While the threat of profit- sapping financial reform looms on the horizon for the major investment banks, one of their number, JPMorgan Chase, showed that for now at least the good times are continuing to roll.
The bank's fixed income trading division, which includes the credit derivatives business under threat on Capitol Hill, posted record results in the first three months of this year. And investment banking as a whole contributed 74 per cent of JPMorgan's $3.33bn profit for the quarter, a profit which came in above analysts' forecasts and sent the company's shares up more than 3 per cent in midday trading.
Jamie Dimon, the JPMorgan chief executive, who is an increasingly vocal critic of the Obama administration's clampdown on Wall Street, warned that extra regulation could hit revenues to the tune of $2bn. "The devil's in the details here," he said, referring to plans to force derivatives trades to go through an exchange. "That could or couldn't [have a big impact on revenues], depending on how it's designed, and how much room is left to have exceptions to over the counter or end-user exceptions. That's not defined yet.

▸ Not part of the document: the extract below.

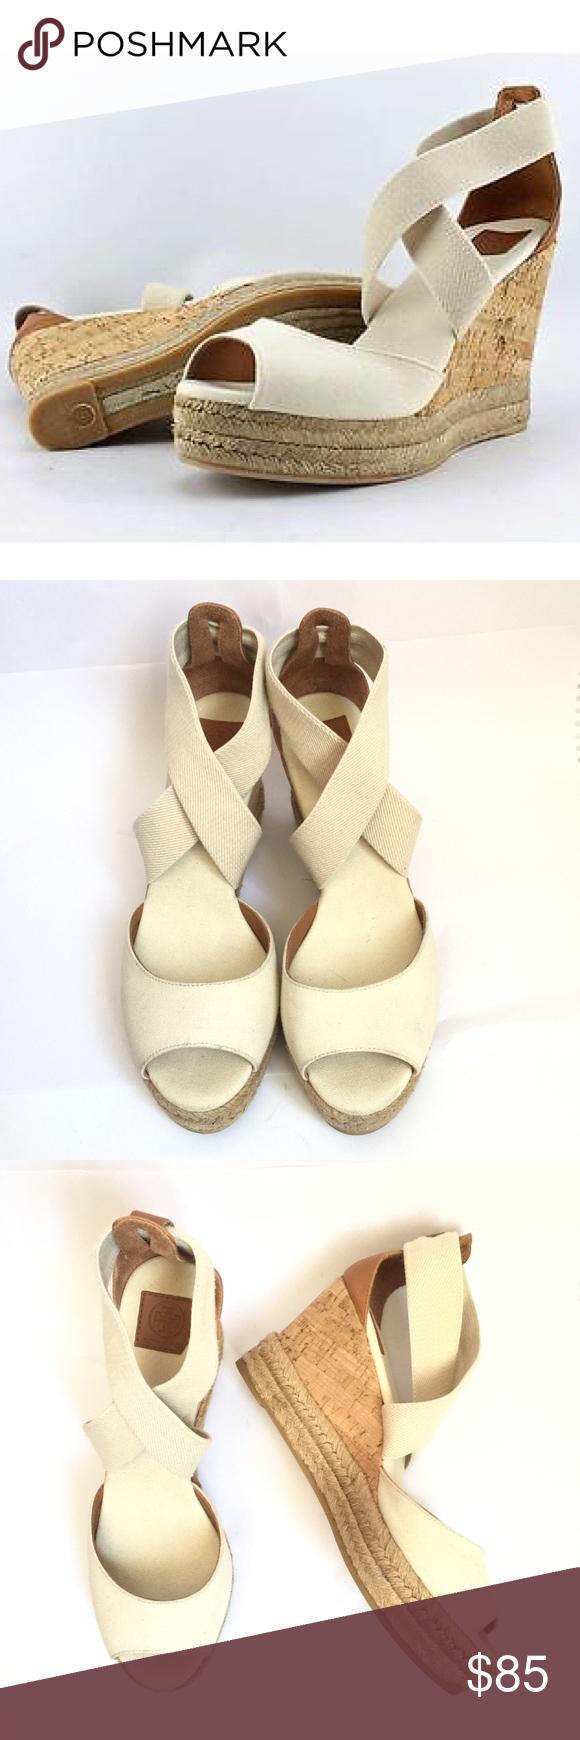 a9a0264b99 TORY BURCH - 85MM Peep-Toe Cork Wedge Sandals

So it'll be a negative, and it could be several hundred million dollars to a couple of billion dollars."
Mr Dimon also reiterated his opposition to what he called a "punitive bank tax", the levy on the biggest Wall Street banks which has been designed to recoup taxpayer losses on the bailout.
JPMorgan's first-quarter profits were up 55 per cent on the same period in 2009, despite a $2.3bn addition to the money the bank sets aside to cover legal settlements and defending lawsuits.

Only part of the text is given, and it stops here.